There is a slight security problem with the MD5 fingerprint approach. 64 bits is
not enough to be very cryptographically secure, so we need to assume that an
attacker can generate URLs that hash to any specific fingerprint. If an attacker
generates a page that hashes to the same URL as a popular site such as
google.com, and that link appears on an otherwise trusted site such as a Google
search result, the link may be colored as visited. This is a minor issue, but it
may make the user more likely to click on it or trust the site's content,
thinking they have been there before. To prevent this, we generate a salt when
creating the table. This means that all users will have different fingerprints
mapping to google.com, so an attacker does not know which URL to generate.

### I/O

The `VisitedLinkWriter` lives on the main thread, but we do not want to do I/O
on the main thread.

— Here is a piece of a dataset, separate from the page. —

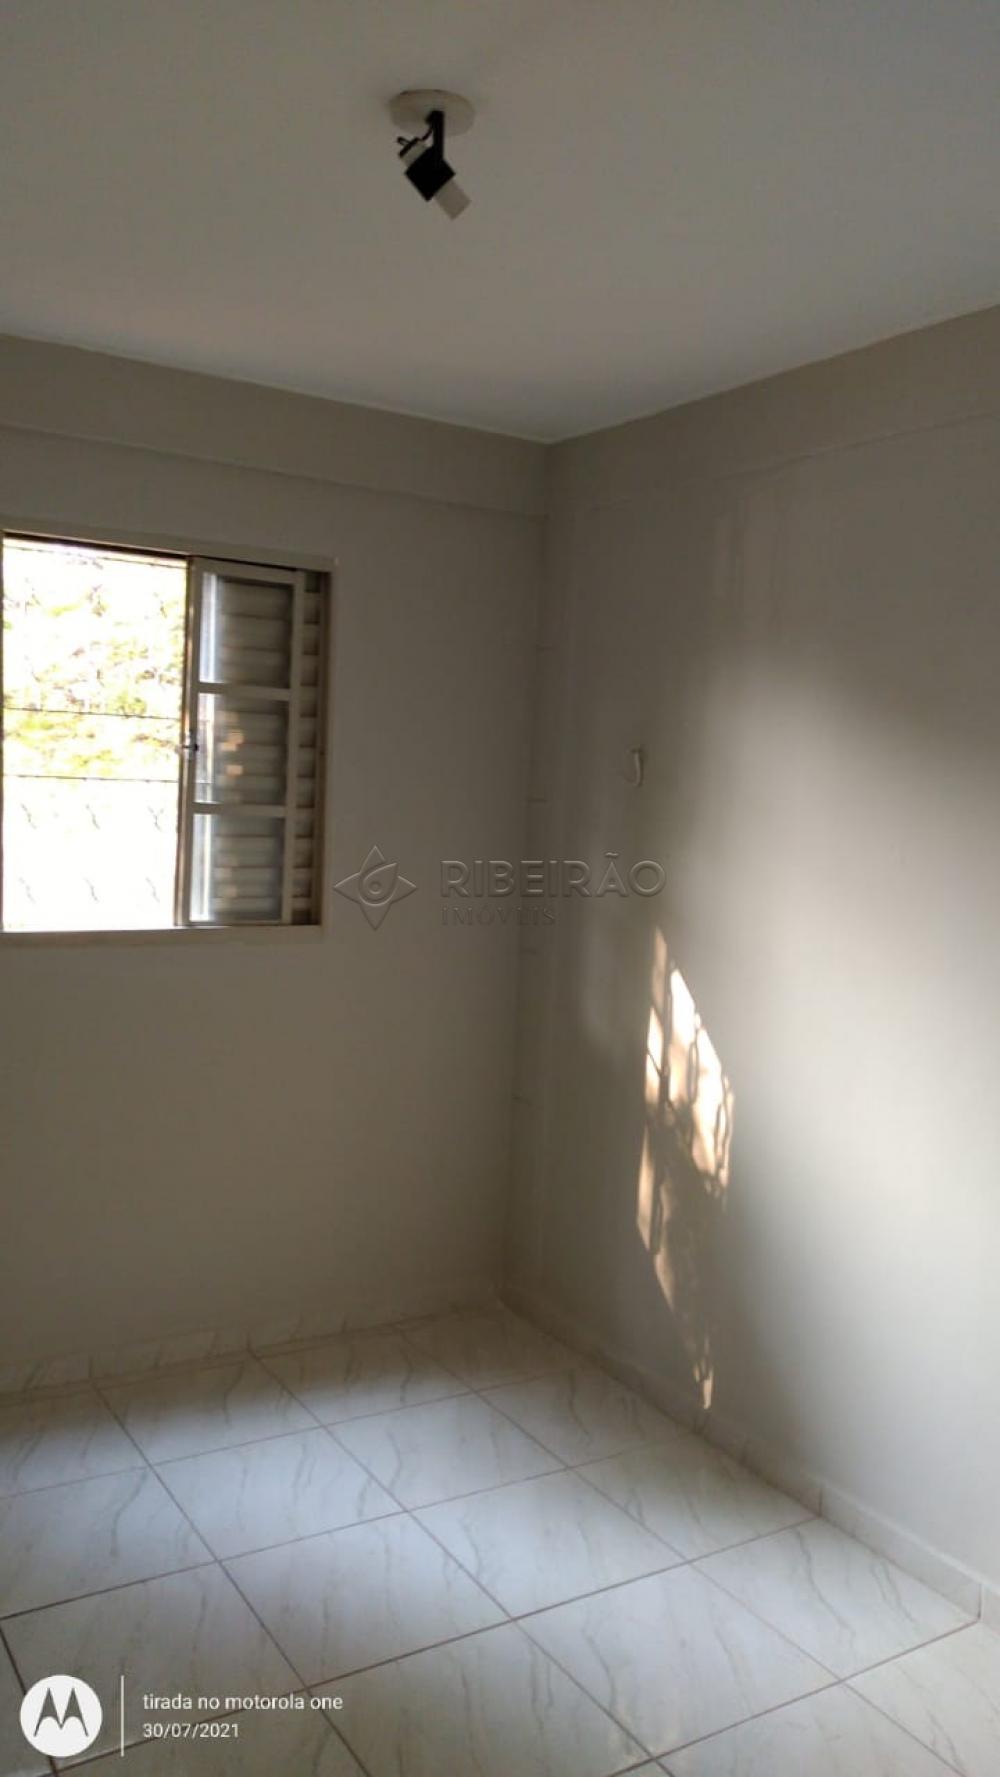 Alugar Apartamento / Padrão em Ribeirão Preto R$ 750,00 - Foto 15
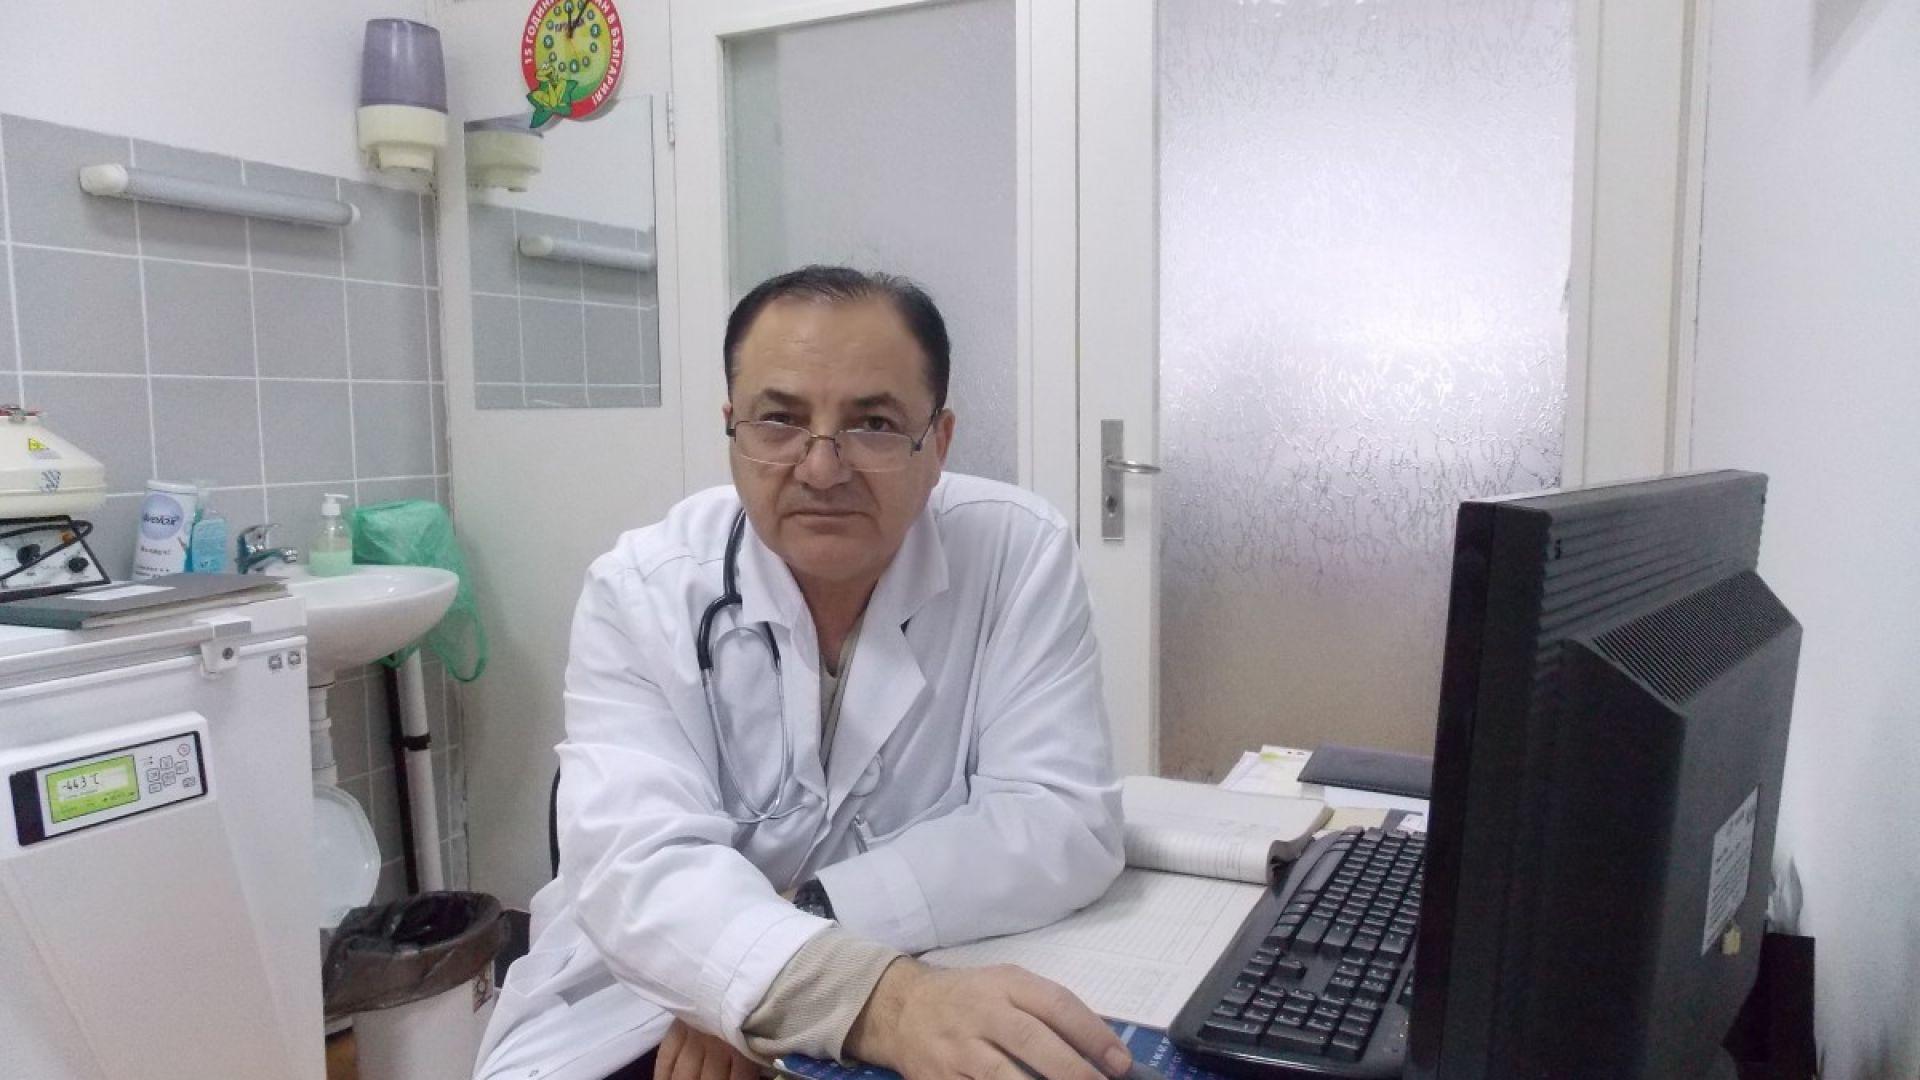 Срещу причинителя на Сovid-19 се нуждаем от интелигентен имуномодулатор

For initialization, we just block the main thread. This
takes very little time, and we do not currently have a way to reevaluate the
status of all the links if it is loaded asynchronously, although this could be a
good future addition.

As mentioned above, the unpartitioned hashtable relies on a file stored on disk
independent of the HistoryDatabase to persist the hashtable across browsing
sessions or for backup in the event of memory corruptiion. When writing changes
to the file as the browser is running, it will send messages to the "file
thread" with the information. These 8-byte additions are then written
asynchronously to disk. When significant changes are made, the entire table is
copied to the background thread to avoid thousands of small messages.

Sometimes, we need to regenerate the hash table. We do this when we detect
corruption or when there is no visited link file. To do this, we collect all
URLs on a background thread using the `TableBuilder` object. When the collection
is done, we pass them to the main thread and insert them into the hash table.
This insertion is pretty quick. As noted above, the partitioned hashtable relies
on this process to persist across browsing sessions and regenerates from the
VisitedLinkDatabase each time at start-up.